Recipe View 5 mins In a large bowl, combine the chopped coconut meat, evaporated milk, condensed milk, beaten eggs, sugar, and salt. Mix well to ensure all ingredients are fully incorporated. (5 minutes)

Image Step 03
03 Step

Recipe View 2 mins Pour the coconut mixture into a 3-quart round baking dish. (2 minutes)

Image Step 04
04 Step

Recipe View 3 mins Place the baking dish inside a larger roasting pan. Carefully pour hot water into the roasting pan, filling it halfway up the sides of the baking dish to create a water bath. (3 minutes)

Image Step 05
05 Step

Recipe View 1 hrs Gently transfer the entire setup into the preheated oven. Bake until a toothpick inserted into the center comes out clean, approximately 60 minutes. (60 minutes)

Image Step 06
06 Step

Recipe View 30 mins Once baked, remove the pie from the oven and let it cool for at least 30 minutes before serving. This allows the custard to set properly. (30 minutes)
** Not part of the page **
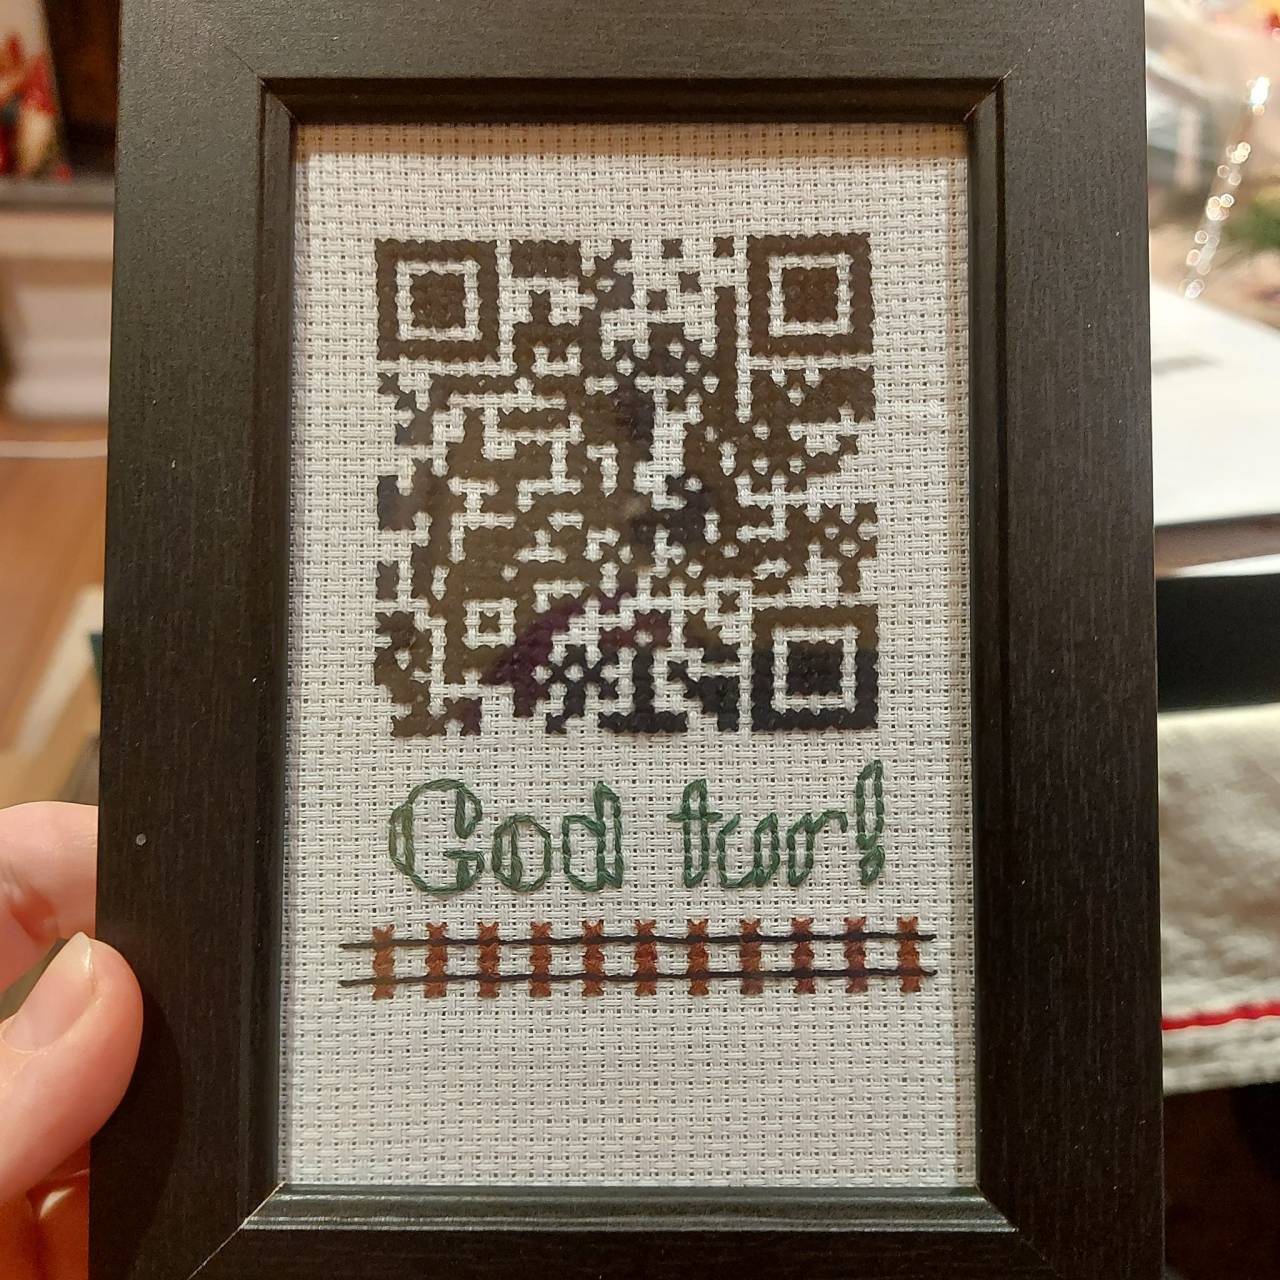 Why you should absolutely cross-stitch a QR code

For an extra layer of flavor, consider adding a splash of coconut extract to the custard mixture.
Ensure the young coconut is truly young; the meat should be soft and almost jelly-like for the best texture.
If the top of the pie begins to brown too quickly, tent it loosely with aluminum foil during the last 15-20 minutes of baking.

You need to login to claim your token

🔐 Login to get token

Markus Okeefe

Written by

Our recipe authors are passionate food lovers who share thousands of diverse dishes from around the world. They bring daily cooking inspiration with delicious, easy-to-make recipes for every occasion.

RECIPE REVIEWS

Avarage Rating: 4.8/ 5 ( 8 Ratings)
Total Reviews: (3)
  • Stewart Lockman

    I was a bit intimidated by the water bath, but it was surprisingly easy and made all the difference in the texture of the pie.

  • Lucius Hills

    My family absolutely loved this pie! It's now a staple dessert in our household. Thanks for sharing!

  • Dora Ondricka

    This recipe is fantastic! The custard was so creamy and the coconut flavor really shone through. I'll definitely be making this again!